Jon Peters Reviews: Jumper

March 7, 2008 by  
Filed under Reviews

“Jumper” is the perfect example of Hollywood filler. It exists just to exist and it’s not anything you would be mad about if you missed seeing it. It’s wooden, silly, and ultimately, admits just a yawn from the audience. Its core target demography is teenage boys and I’ve seen a few constantly get up and leave the theater, coming back 15 plus minutes later-not good.

Based on a book “Jumper” is about a high schooler, David Rice (Hayden Christiansen) who is constantly picked on. Through a freak accident in which he is struggling to live, after falling in a frozen lake, he vivaciously teleports, saving his life and eventually freeing himself from his constraints of being abandoned by his mother and his over-bearing father. Flash forward some odd years, and he has now grasp teleporting. But with such freedom, come consequences and responsibilities, and Agent Roland (Sam Jackson).

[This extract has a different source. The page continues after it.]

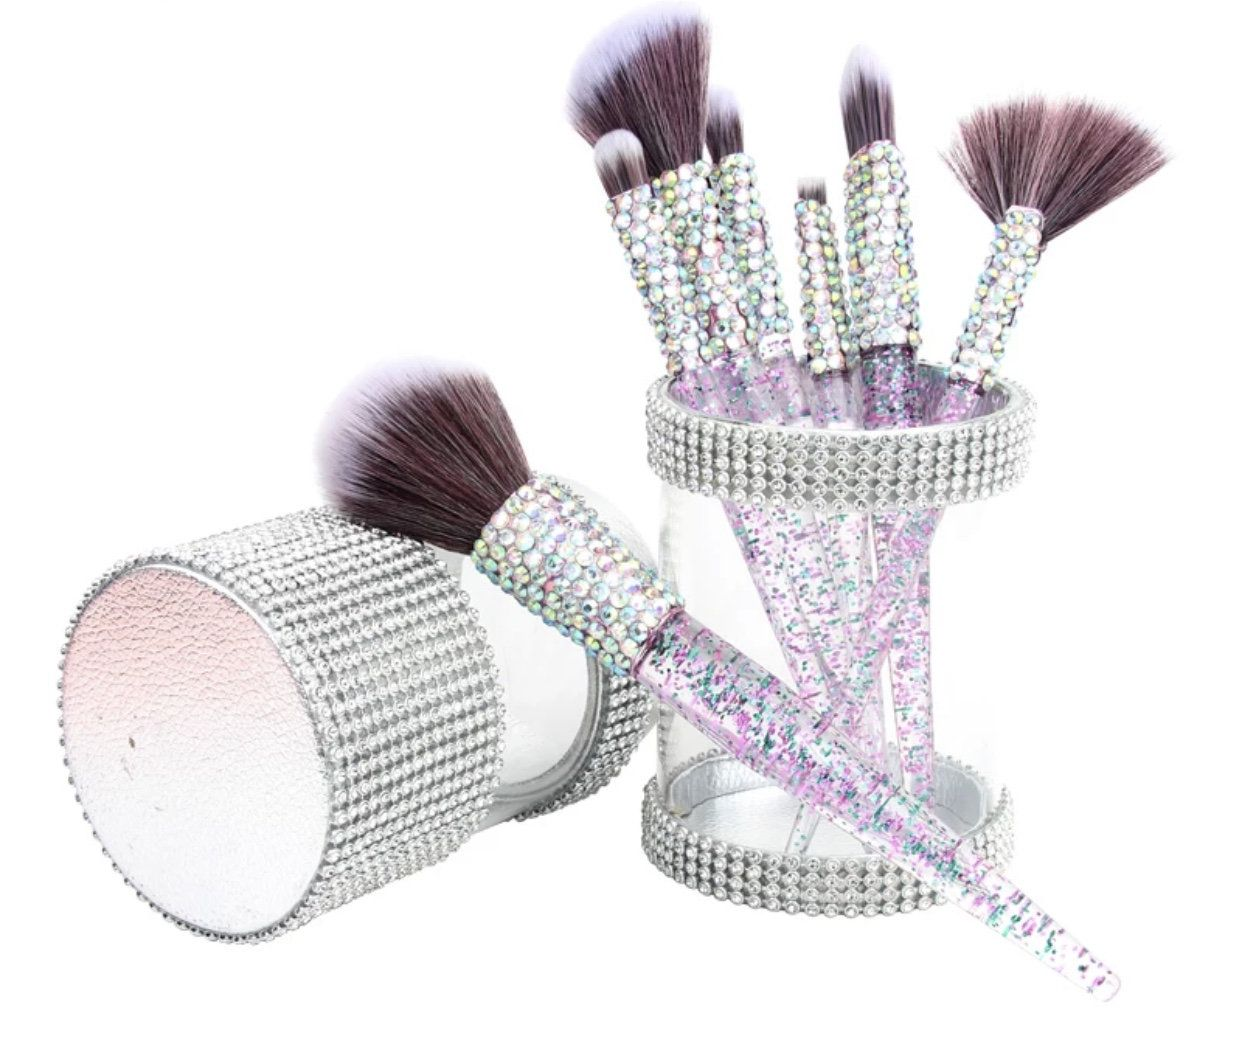 Crystal Diamond Makeup Brush Set!! #CrystalBrushes #MakeupBrushes #Sincerelyadorecosmetics #Cosmetics #Purplemakeupbrushes
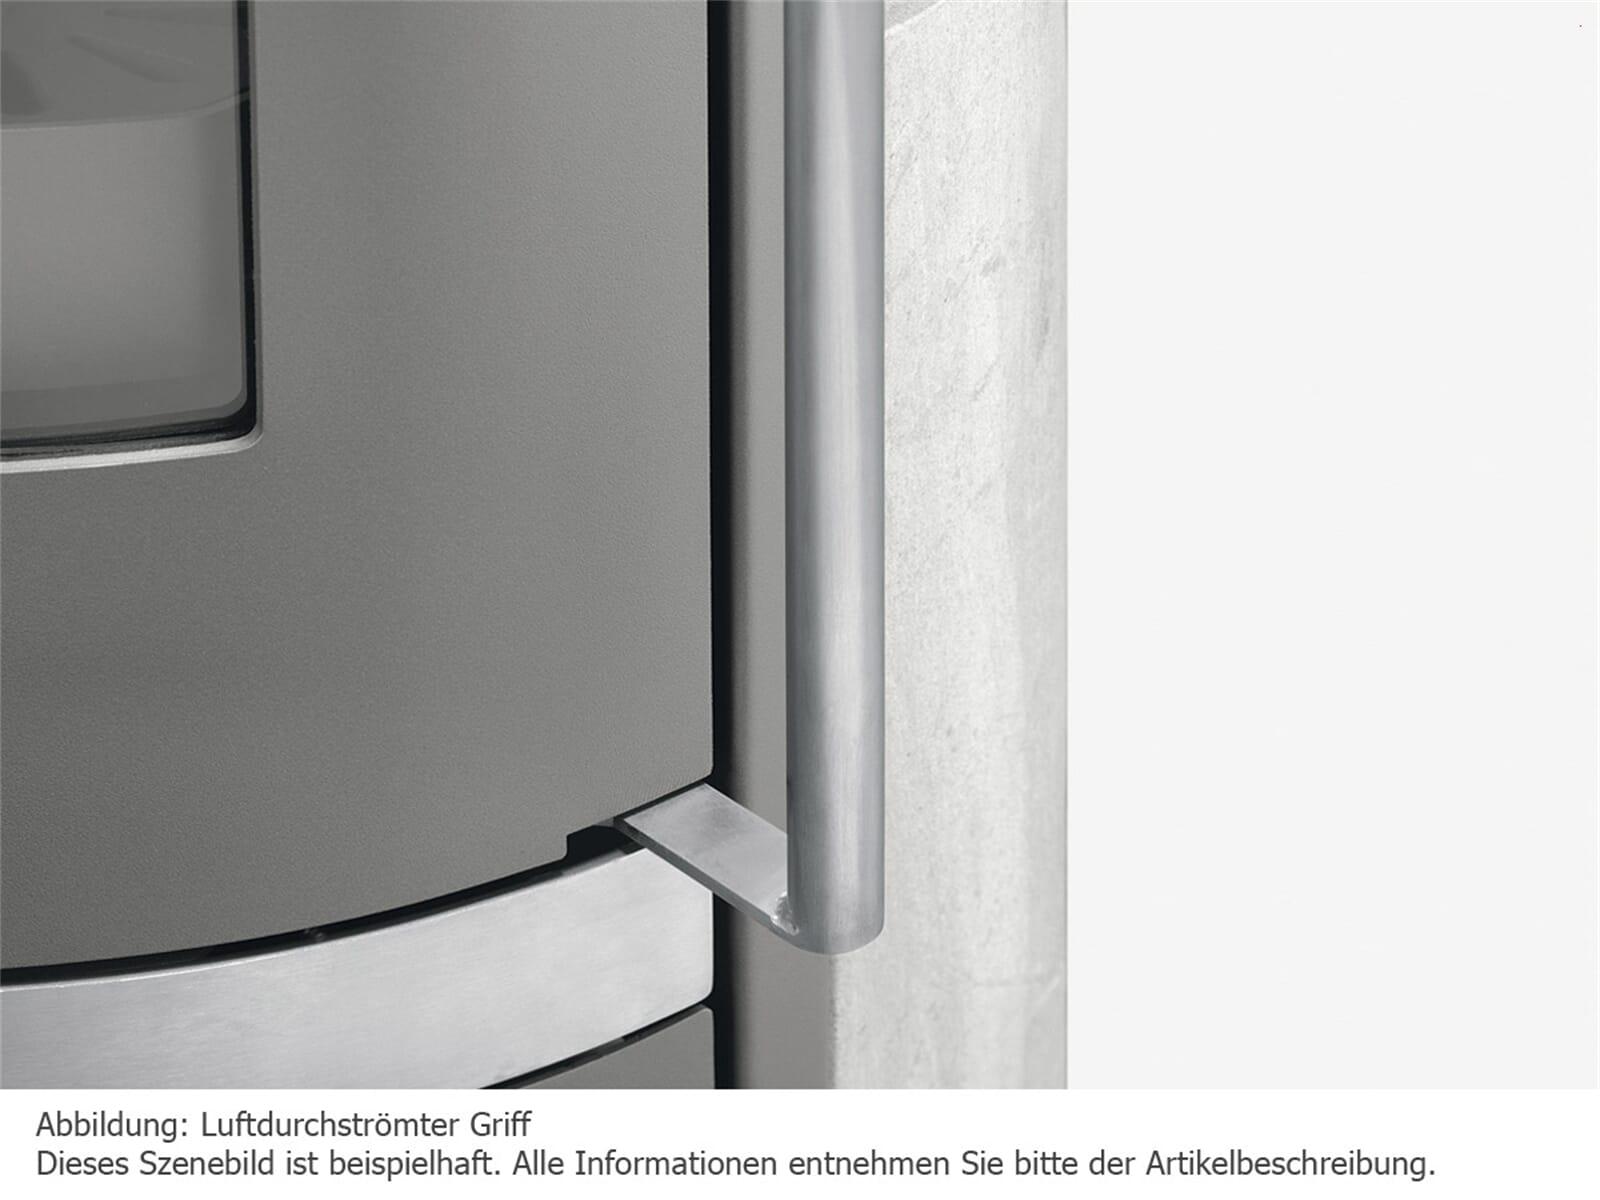 justus faro aqua 1250 65 kaminofen sandstein korpus stahl schwarz ebay. Black Bedroom Furniture Sets. Home Design Ideas

The film never explains his condition and the reason why he can teleport, hopefully, the book was better in description. Apparently, he just can and there were generations of these types of people who can. The script never develops much in terms of character development or plot; it just lingers there, moving sluggishly from scene to scene. It’s a fun concept on paper, which is terribly disappointing knowing that David S. Goyer wrote the script or at least had a hand in it. Goyer has written some of the past decade’s best genre films, stuff like “Blade”, “Dark City”, and “Batman Begins”, and with those titles on your resume, something like “Jumper” should’ve been better. Maybe not in terms of those I mentioned, but at least had some fun, something like his polished touch on “Freddy vs. Jason”. Hopefully, with “The Invisible” and “Jumper” out of his system, this summer’s “The Dark Knight”, although written by the Nolan brothers based on Goyer’s outline, will return him to the genre film’s top screenwriters.

Doug Lyman, the director, in my opinion, has had diminishing returns after his lightning-in-the-bottle “Bourne Identity”. He’s a capable action set piece director, but falters during dialogue scenes, failing to capture any momentum towards the next scene. Partly because of the weak script, but also comes back to him and how he stages some of these talking moments. If “Jumper” is the type of things to come from him, I might question who really directed “Bourne Identity”.

I could pinpoint Christensen’s wooden acting or the film’s bizarre late-minute twist, but seriously it’s all scripting. I’ve blamed Goyer but maybe I should lighten up on him, the film did have two credited screenwriters besides Goyer. With that, you have to somewhat caution yourself. The film never reaches for anything other that some CG teleporting wow’ moments and never builds toward an ending or a proper climax. It’s Hollywood filler, hoping for another buck and another franchise.